Collins Okumu

Personal information
- Full name: Collins Odhiambo Okumu
- Date of birth: 11 May 1997 (age 29)
- Place of birth: Kenya
- Height: 1.70 m (5 ft 7 in)
- Position: Centre-back

Team information
- Current team: Shabana

Senior career*
- Years: Team / Apps / (Gls)
- 2014: Nairobi City Stars / 8 / (0)
- 2015–2018: Thika United / 68 / (0)
- 2019: SoNy Sugar
- 2020–2021: Posta Rangers
- 2021–2023: Bidco United
- 2023–2024: Nyasa Big Bullets /  / (1+)
- 2026–: Shabana / 0 / (0)

International career
- 2016: Kenya U20
- 2017: Kenya / 1 / (0)

= Collins Okumu =

Kenyan professional footballer

Collins Odhiambo Okumu (born 11 May 1997) is a Kenyan professional footballer who plays as a defender for Kenyan Premier League club Shabana.

== Club career ==
He has featured for clubs in Kenya and Malawi, including Thika United, Nairobi City Stars, Bidco United, Posta Rangers, Thika United, and Nyasa Big Bullets FC.

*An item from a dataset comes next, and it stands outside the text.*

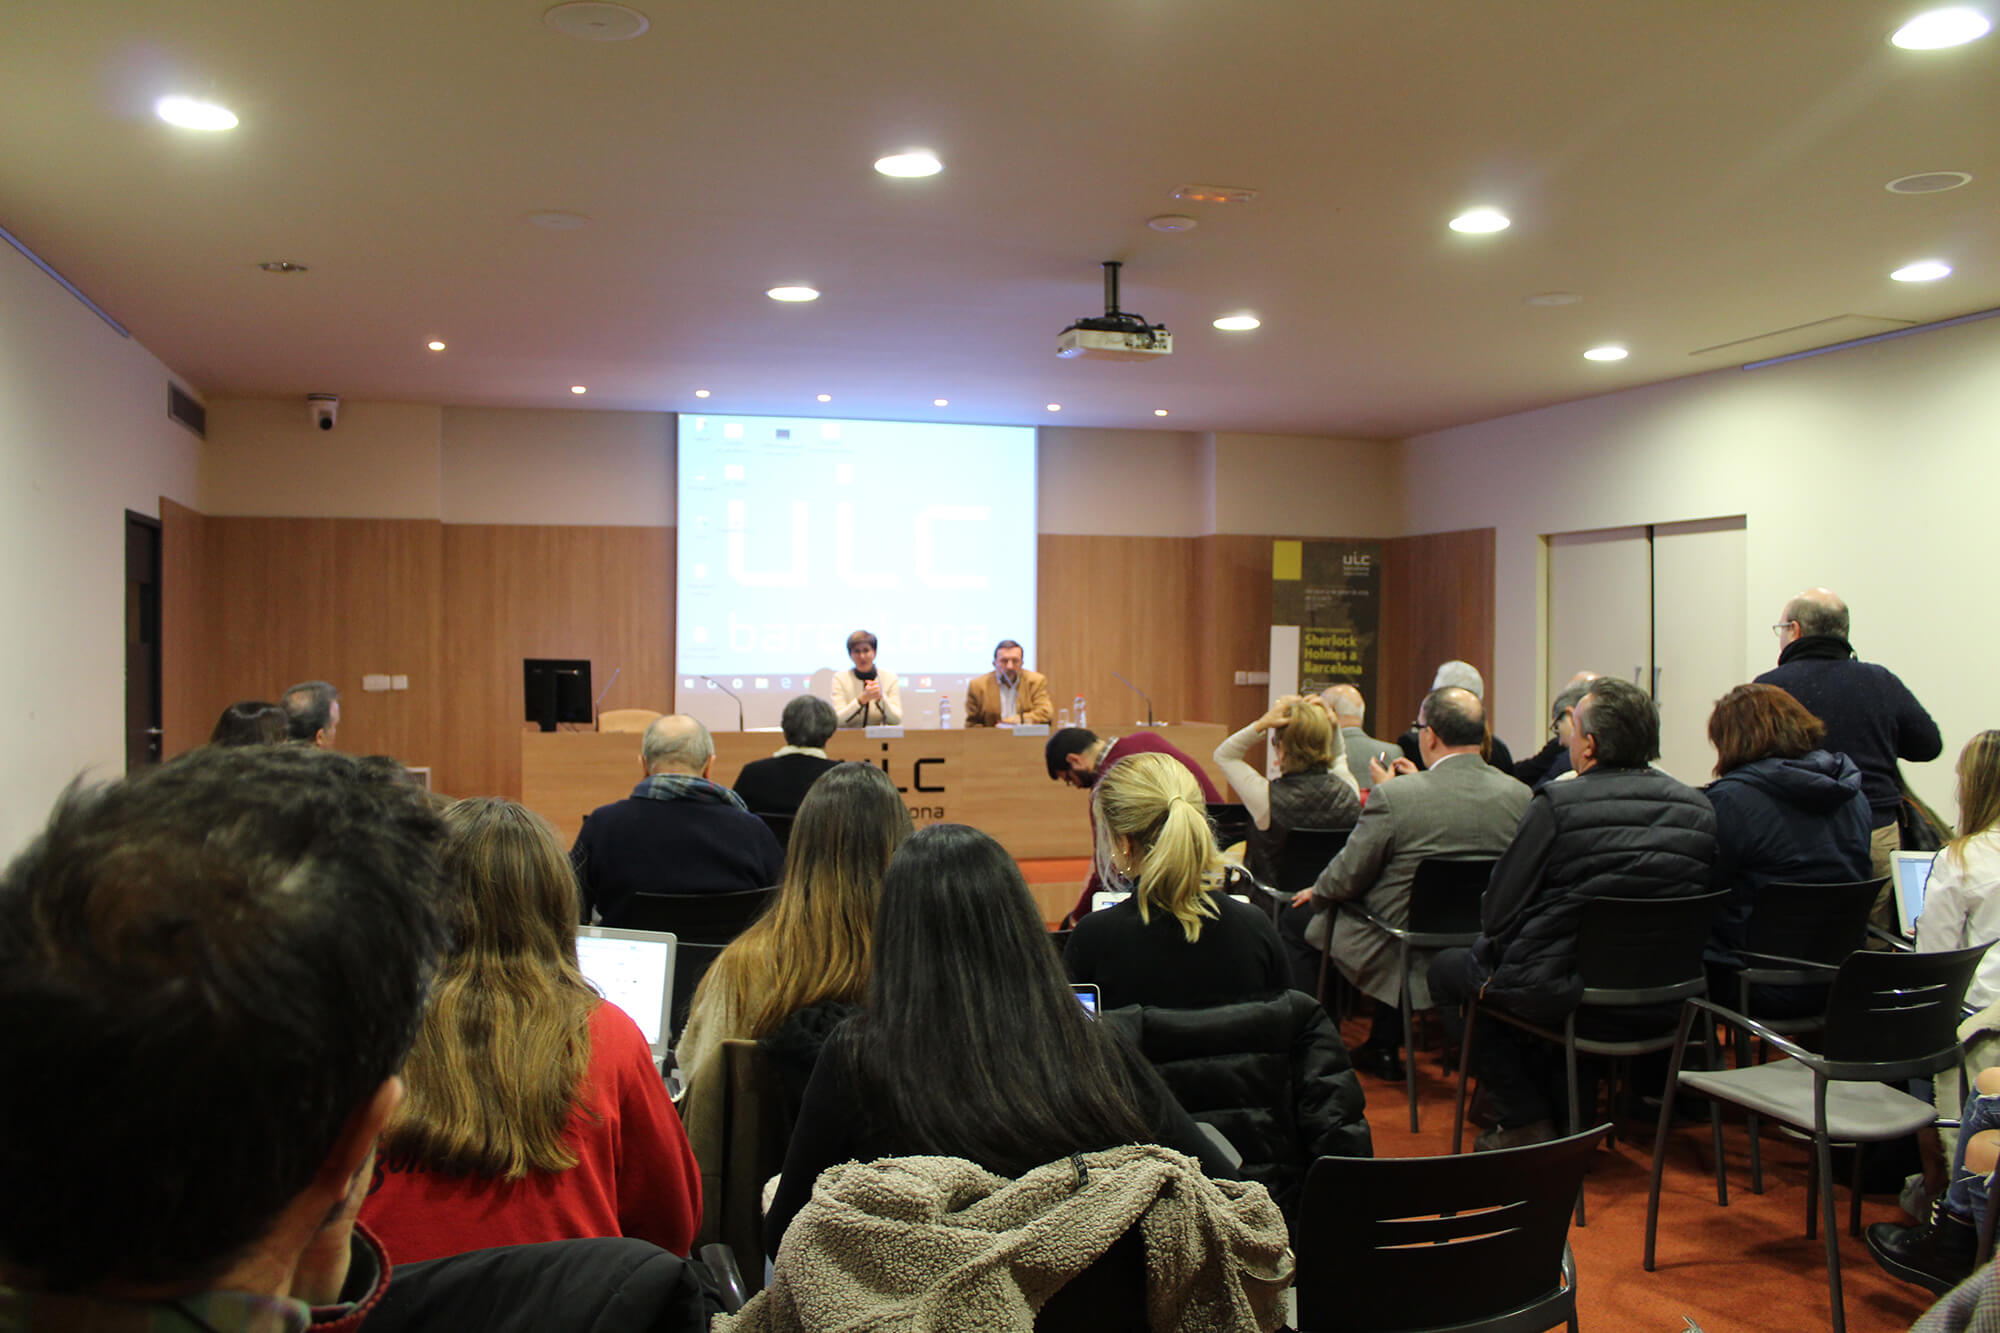 Teresa Vallès, profesora de UIC Barcelona. Conferencia “Carlos Pujol y la novela policíaca: la literatura como diversión inteligente”. UIC Barcelona, 30 de enero de 2019.

While in Malawi, Okumu was part of the Nyasa Bullets squad that lifted the FDH Cup in October 2023

== International career ==
He featured for Kenya at the U20 level in March and May 2016 against Sudan U20, and once turned out for the Kenya in 2018 in a friendly game against Malawi.